Tamir considers herself “very spiritual,” and that a lot of Judaism’s basic principles line up for her.

“I really live my life knowing that I’m guided by something bigger,” she says. “All the Jewish principles just feed right into that.”

She has never been to Israel and is looking forward to going for a cousin’s bar mitzvah in 2023. “I’ve always had this pull to go,” she says.

HNTRESS’ marketing model depends on word of mouth and social media, primarily Instagram, but Tamir also learned how to set up her own website to promote her line.
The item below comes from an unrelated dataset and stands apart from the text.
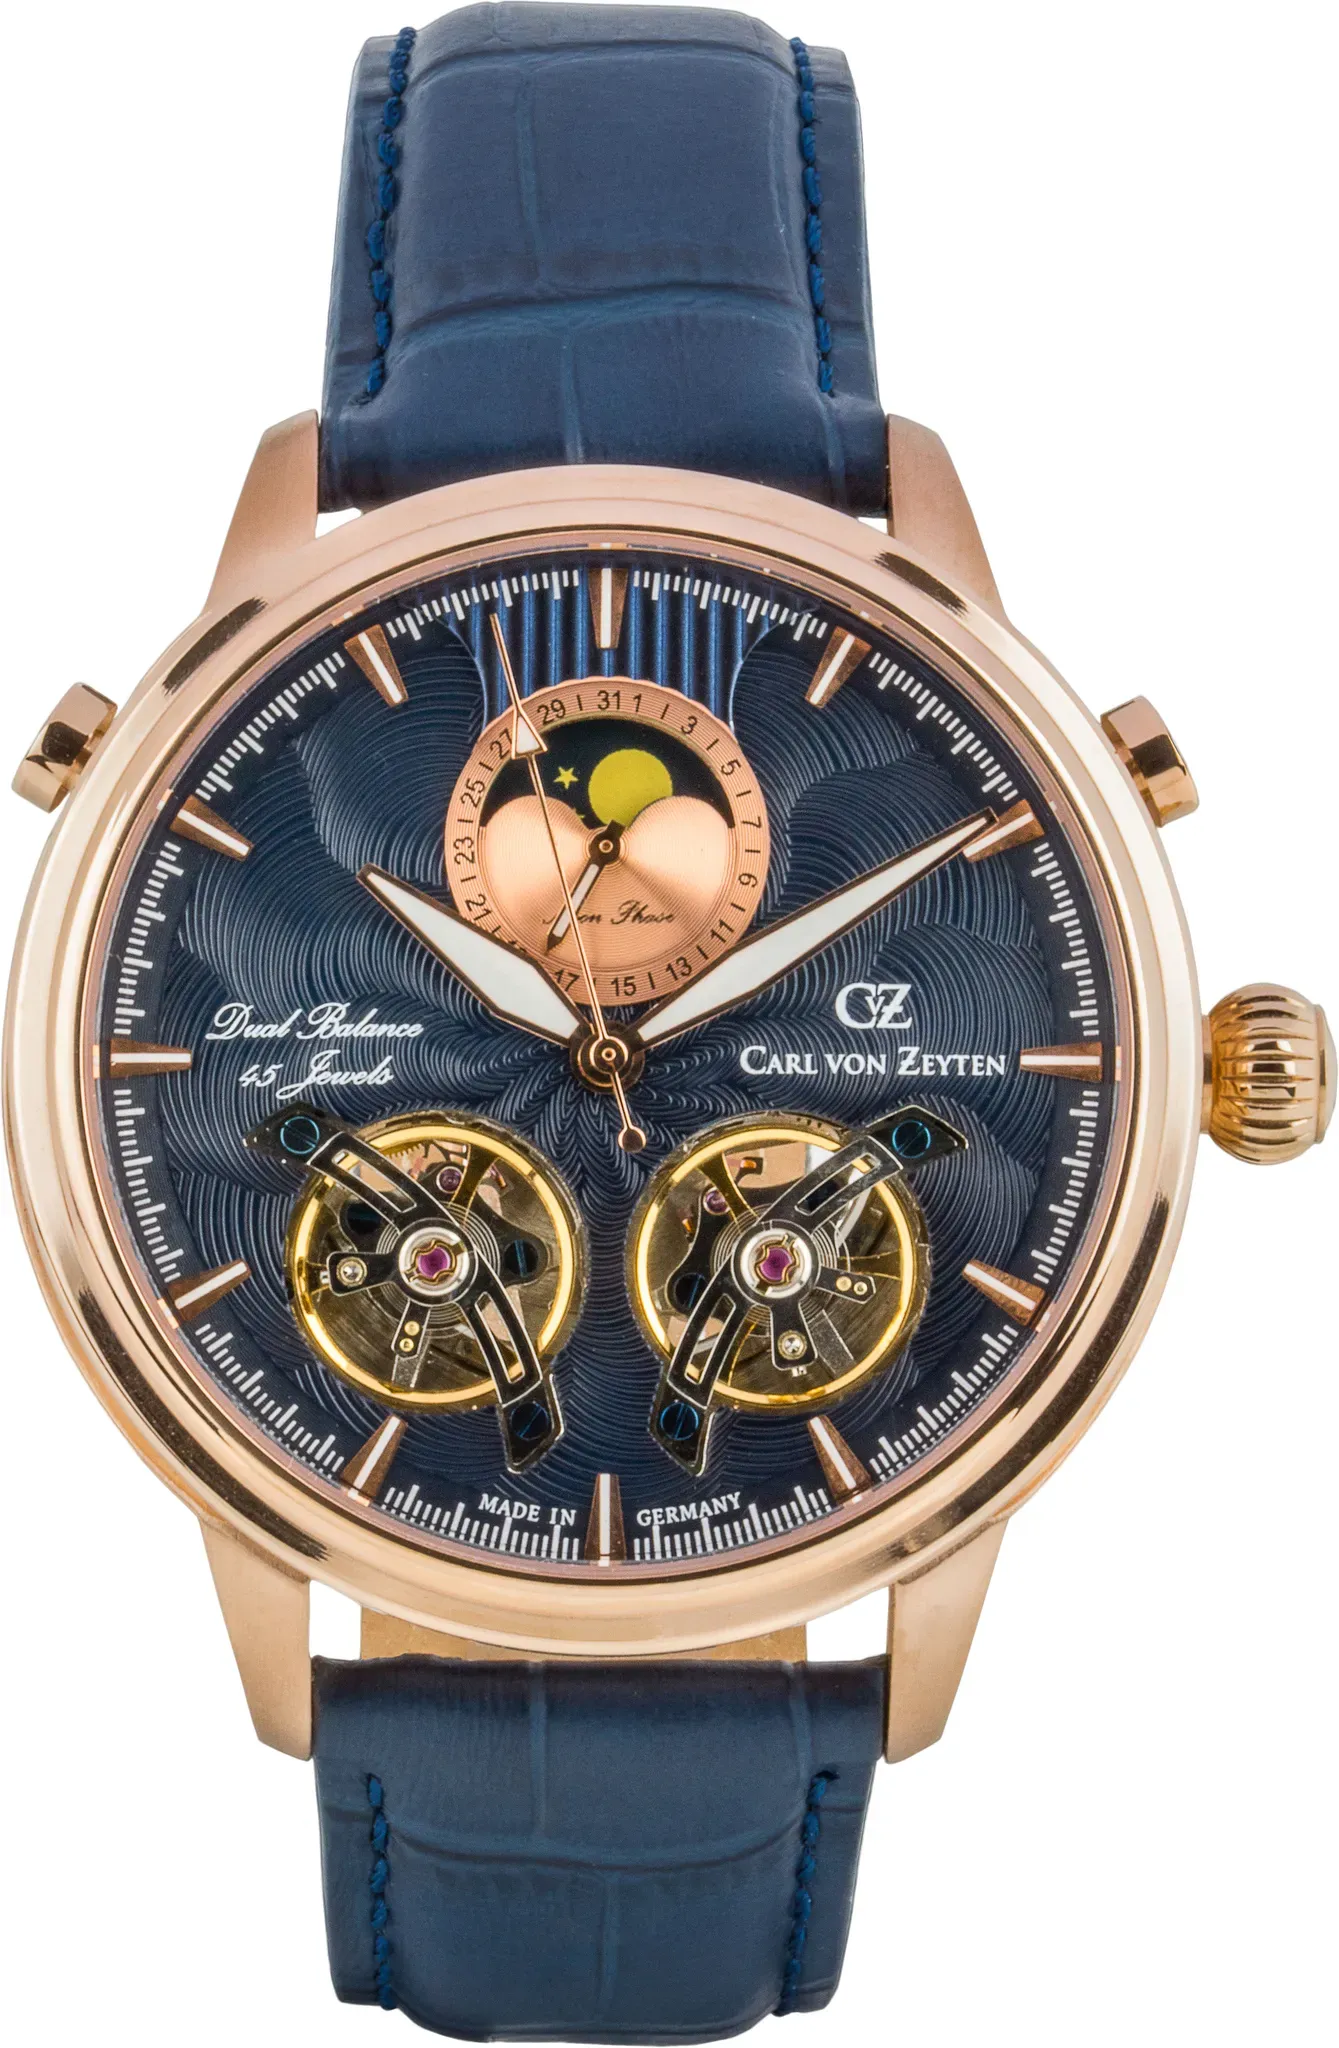 Automatikuhr CARL VON ZEYTEN "Durbach" Armbanduhren blau Herren Uhren Armbanduhr, mechanische Uhr, Herrenuhr, Datum, Made in Germany

“It’s like a whole new category of outerwear,” she says. “So, it’s been more of an education curve than I thought. I thought people, just like the second they put it on, they (would) get it,” adding that the cowls combine “all the best things you love about a hoodie, vest and scarf into one everyday staple.”

She also sought the protection a patent affords prior to launching, but it was still pending at the time. It came through June 14.

Now, she’s sold at some events, such as Small Business Saturday and Market 17, both at the Van Aken District in Shaker Heights, as well as several vendor events.

“I’m just doing as many events as I can,” she says.

Speaking with Jstyle in September, Tamir was planning to host a booth at a women in professional business event in New York City at the end of October.

“I’m excited just to keep educating people about HNTRESS and why they would benefit from it – why they need it in their life and also to make new SKUs (stock keeping units), so different materials, different designs, and just continue expanding, educating and getting the name, my brand and myself out there,” she says.